How can I write the CUDA code to support FP16 calculation?

cb_zhang · December 26, 2020, 5:16am

I want to write a custom layer using CUDA. However, It fails when I use NVIDIA-Apex to train the model with mixed-precision. What should I do? Is there any example of FP16 cuda layer?

ptrblck · January 6, 2021, 7:35am

You could use AT_DISPATCH_FLOATING_TYPES_AND_HALF to dispatch the code for the float16 type and use scalar_t in the code (similar to e.g. this code).
Also note, that we recommend to use the native mixed-precision training utility via torch.cuda.amp instead of apex/amp now.
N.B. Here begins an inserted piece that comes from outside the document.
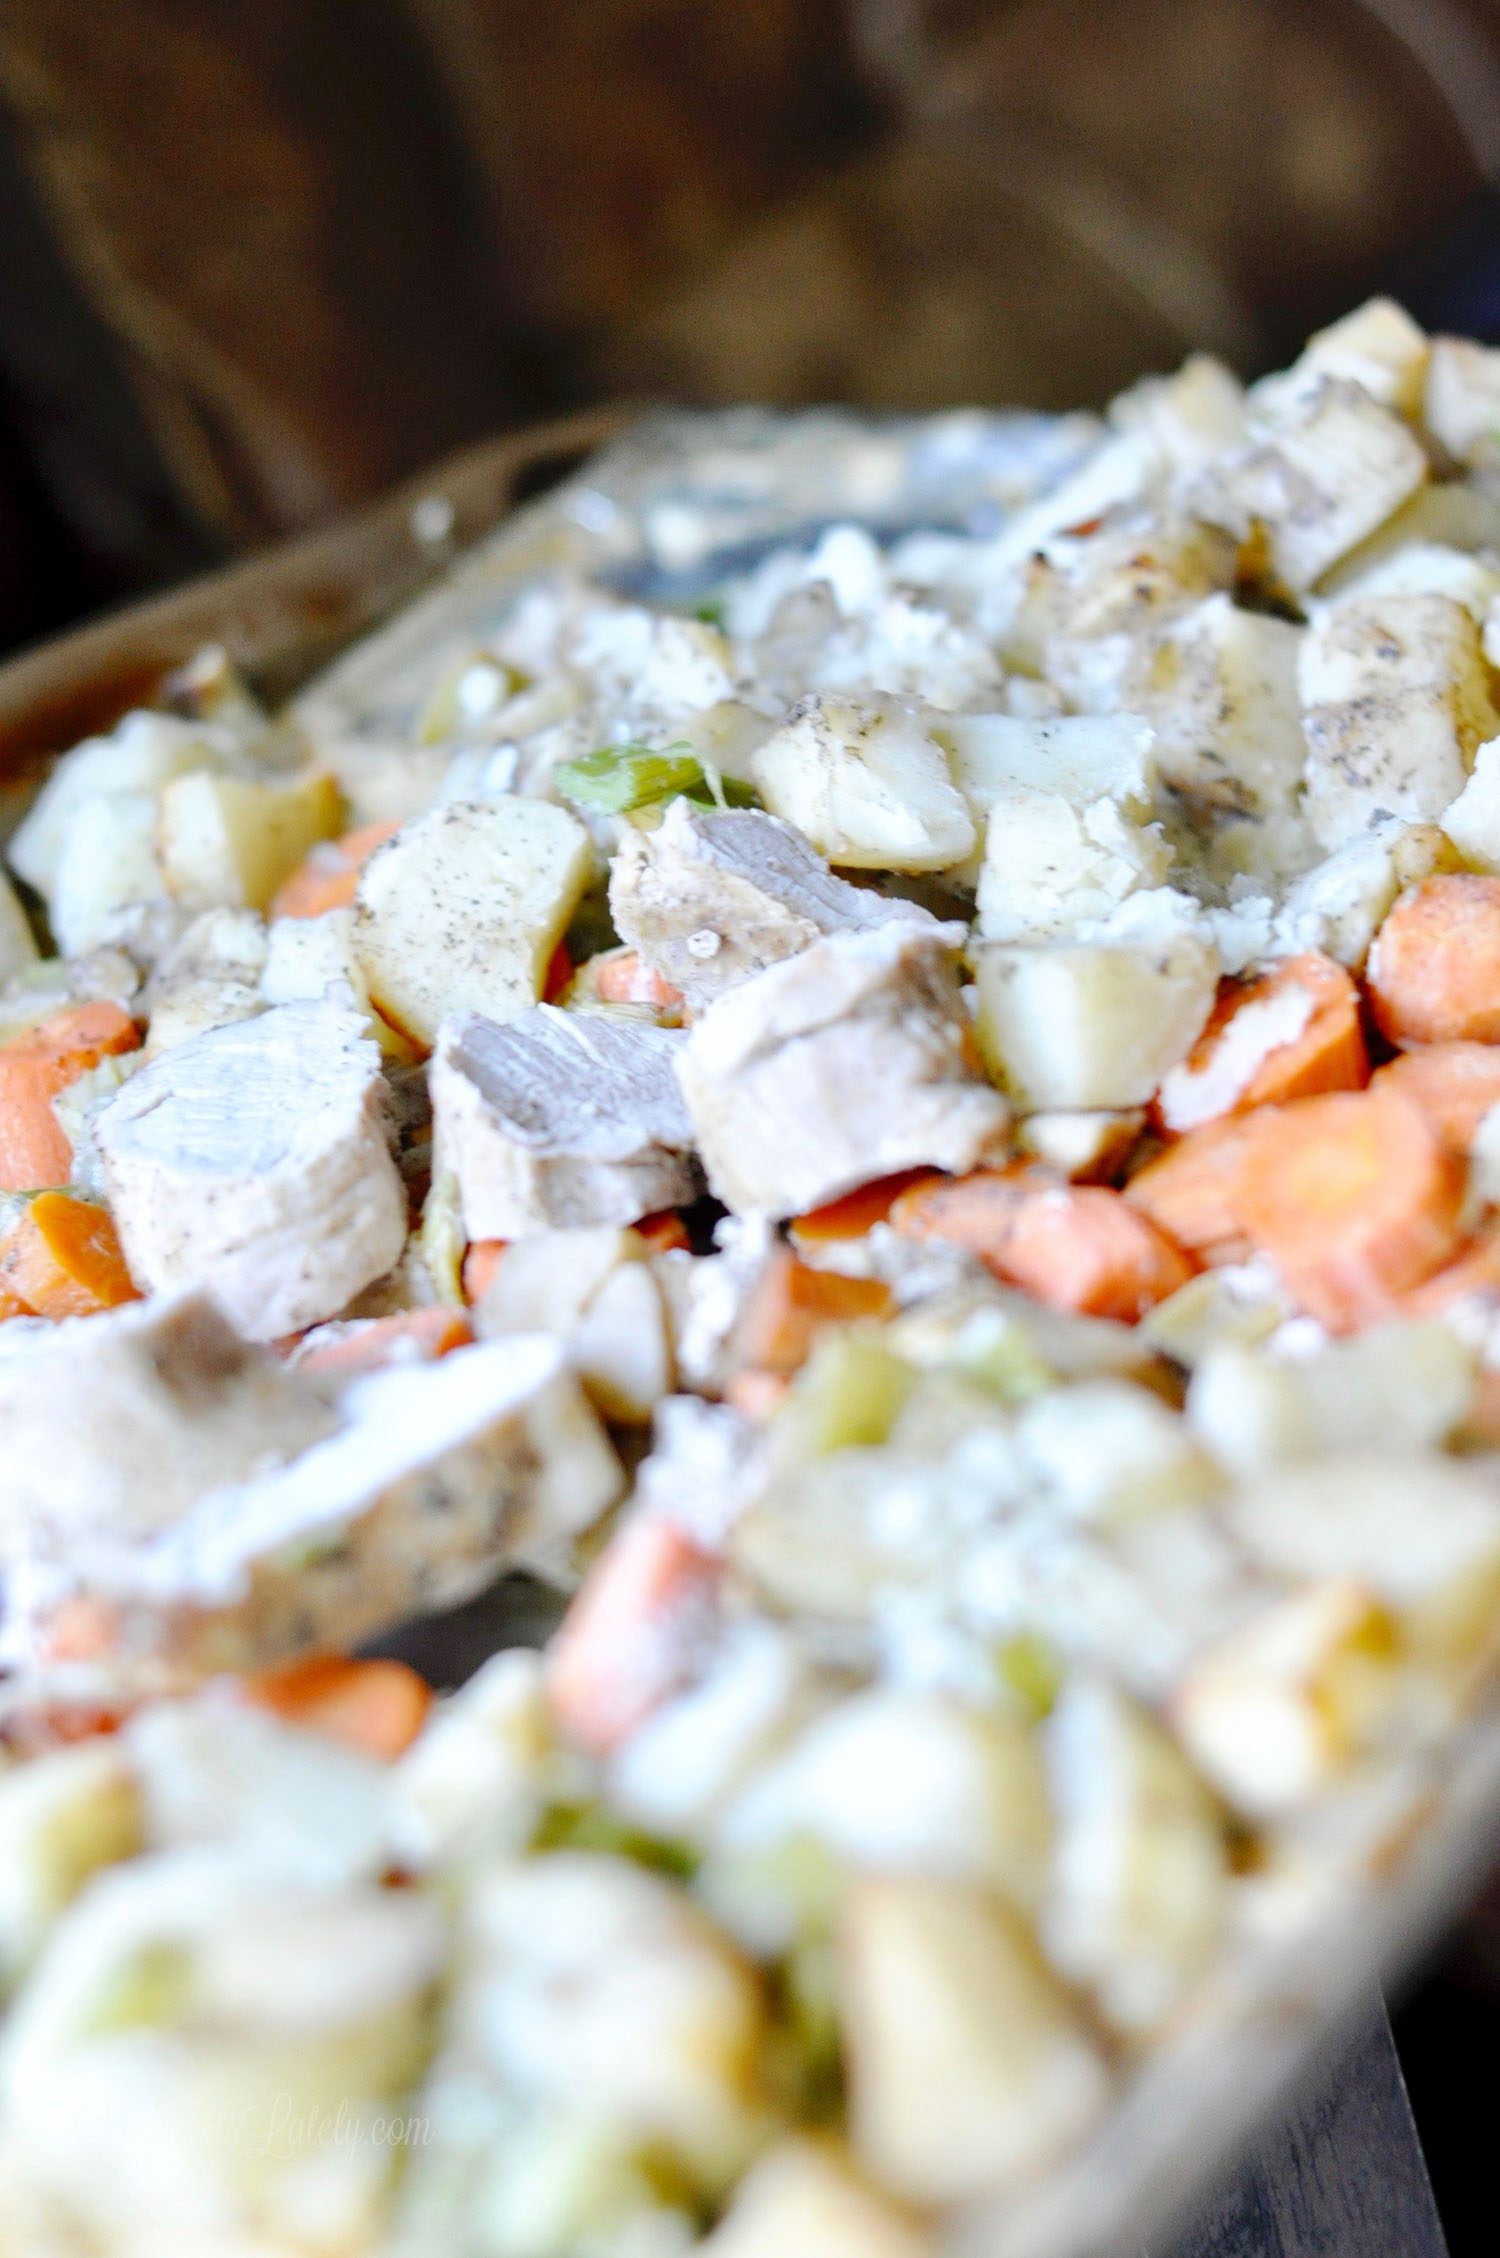 pork tenderloin, carrots, apples, potatoes, and celery on a sheet pan.

fangwei123456 · January 16, 2021, 8:58am

github.com

fangwei123456/spikingjelly/blob/master/spikingjelly/cext/csrc/neuron/neuron_forward_kernel.cu

#include <cuda.h>
#include <cuda_runtime.h>
#include <cuda_fp16.h>
#include <torch/extension.h>
#include <math.h>
#include <stdio.h>
#include "neuron_def.h"
__forceinline__  __device__ float grad_atan(const float & alpha, const float & x)
{
  const float M_PI_2__alpha__x = (float) M_PI_2 * alpha * x;
  return alpha / 2.0f / (1.0f + M_PI_2__alpha__x * M_PI_2__alpha__x);
}

__forceinline__  __device__ float grad_sigmoid(const float & alpha, const float & x)
{
  const float sigmoid_ax = 1.0f / (1.0f + expf(- alpha * x));
  return (1.0f - sigmoid_ax) * sigmoid_ax * alpha;
}

typedef float (*grad_surrogate_function) (const float &, const float &);

This file has been truncated. show original

These codes may help.